A second possibility is that the detected variants were truly focal within the human brain, having arisen during corticogenesis, and subsequent to tissue differentiation during embryogenesis. For example, Poduri et al.7 detected a focal somatic variant with a VAF of 17% within the brain causing hemimegalencephaly that was not present in the patient’s blood. Without additional tissue samples from other organs we cannot exclude this possibility in the cases we studied here. However, the lack of bias for detectable mosaicism in any of the brain region samples (cerebellum; 17/22 (Fisher exact test versus other brain regions p= 0.18) (Fig. 1a, Table 1), together with the lack of focal morphological abnormalities such as those observed by Poduri et al., point toward an early developmental origin rather than a late focal origin for the variants we report here. However, we do appreciate that we cannot confirm this directly.

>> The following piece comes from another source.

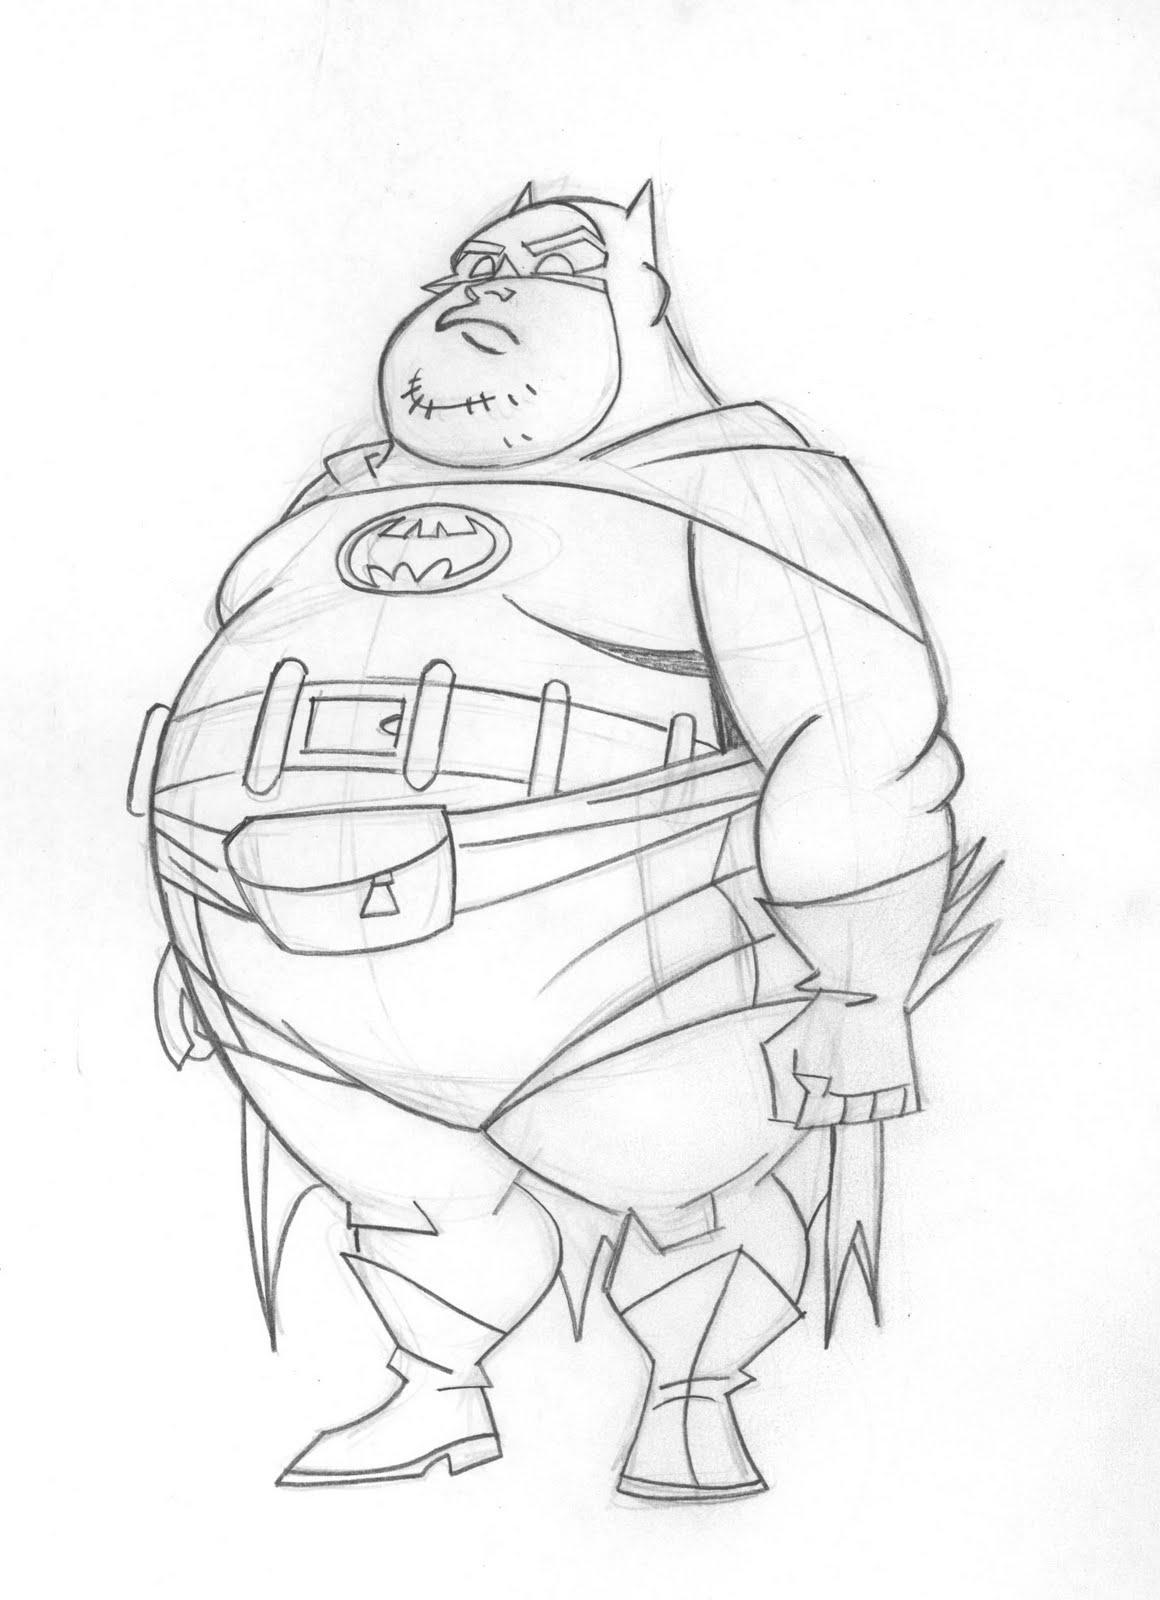 1160x1600 Drawing Pictures Of Batman Batman Drawings In Pencil Easy Batman
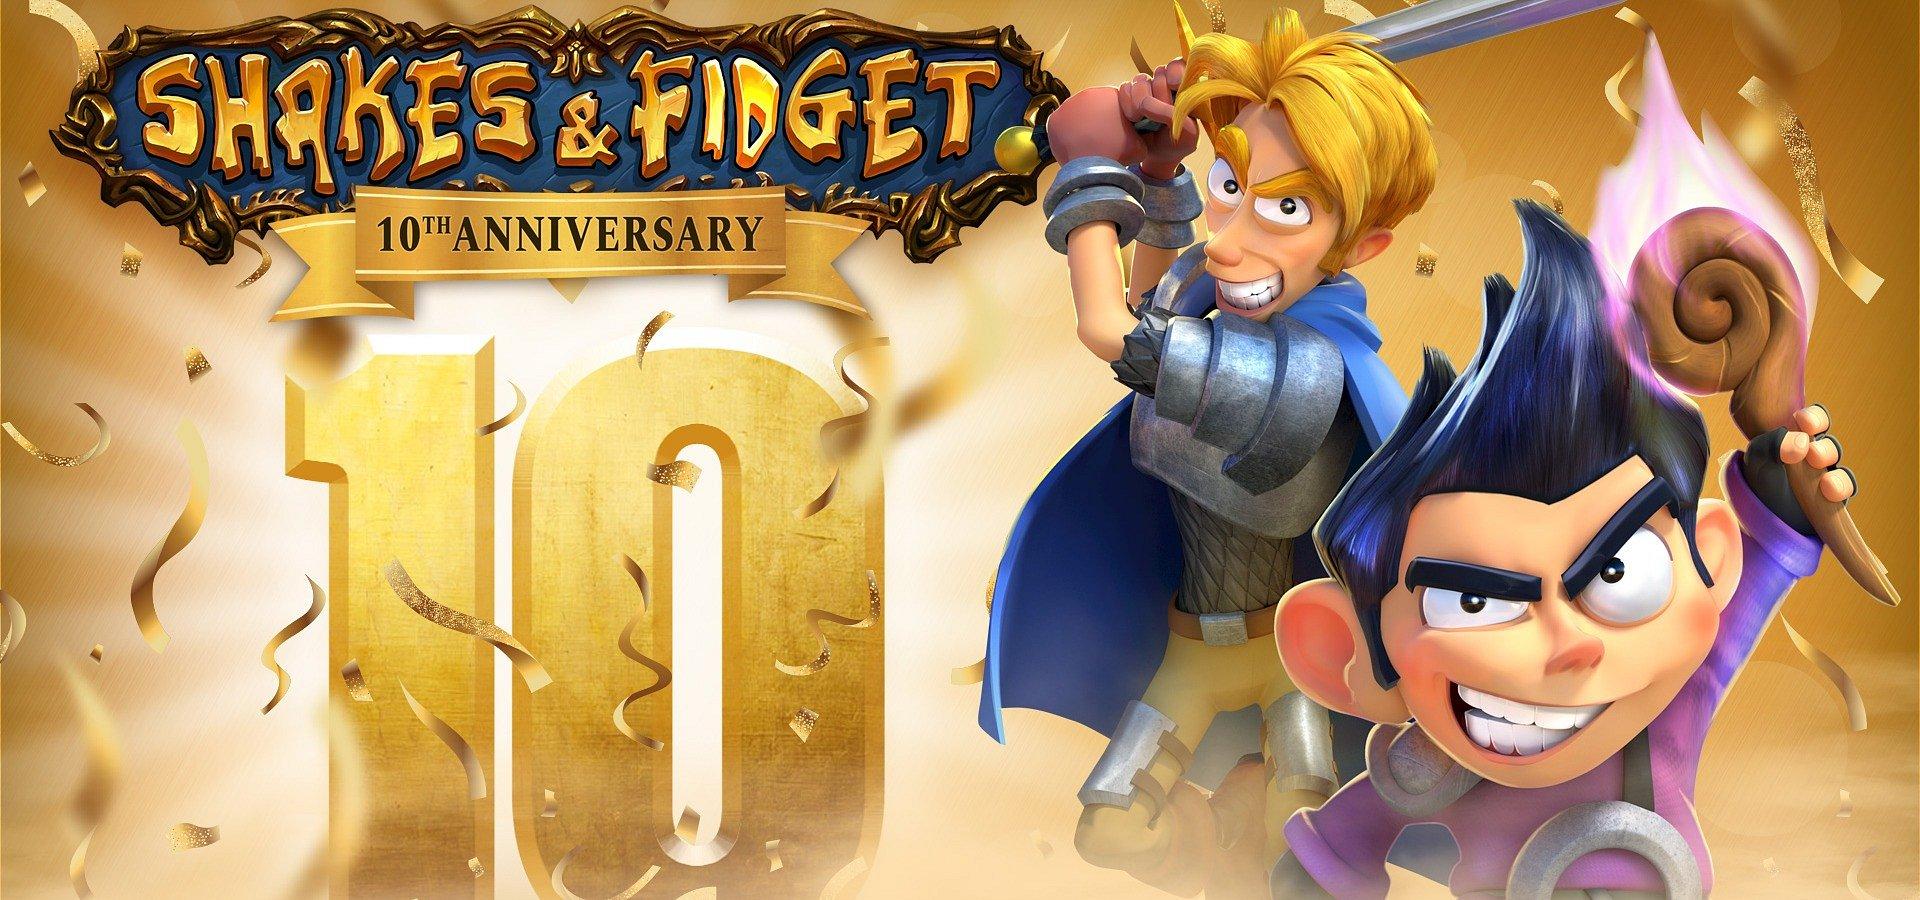 Shakes & Fidget oslavují 10th jubileum

These problems are likely to be overcome by large scale, higher depth sequencing that will detect lower levels of mosaicism. This will refine the mutation rates and clarify the origin of variants within individuals with neurodegenerative disorders. However, based on the data we report here, mosaicism should also be considered as a potential source of unexpected genetic findings following diagnostic exome and genome sequencing in neurological disorders.

It should be noted that 88% of the DNA samples studied were extracted from the cerebellum, with no enrichment for cerebellar or noncerebellar extraction sites within any disease group or controls. It will be important to validate these findings in other brain regions. This is particularly relevant for the investigation of neurodegenerative diseases where there is little in the way of cerebellar pathology. Nonetheless, we have demonstrated that at least 1% of human brain samples contain high-level somatic variants present in at least 10% of cells. Many of these variants were extremely rare in the germline of the population, were highly expressed within the brain, and conferred the ability to markedly alter protein function. Based on the observed mutational signatures, we determine that they are likely to be driven by DNA mismatch repair, and assuming an early developmental origin, are consistent with a somatic mutation rate in the human exome of at least 4.25 × 10−10 per base pair per individual. Taken together these data determine the frequency, nature, and likely origin of high-frequency somatic variants in the human brain and show how they have the potential to contribute to a range of neurological disorders.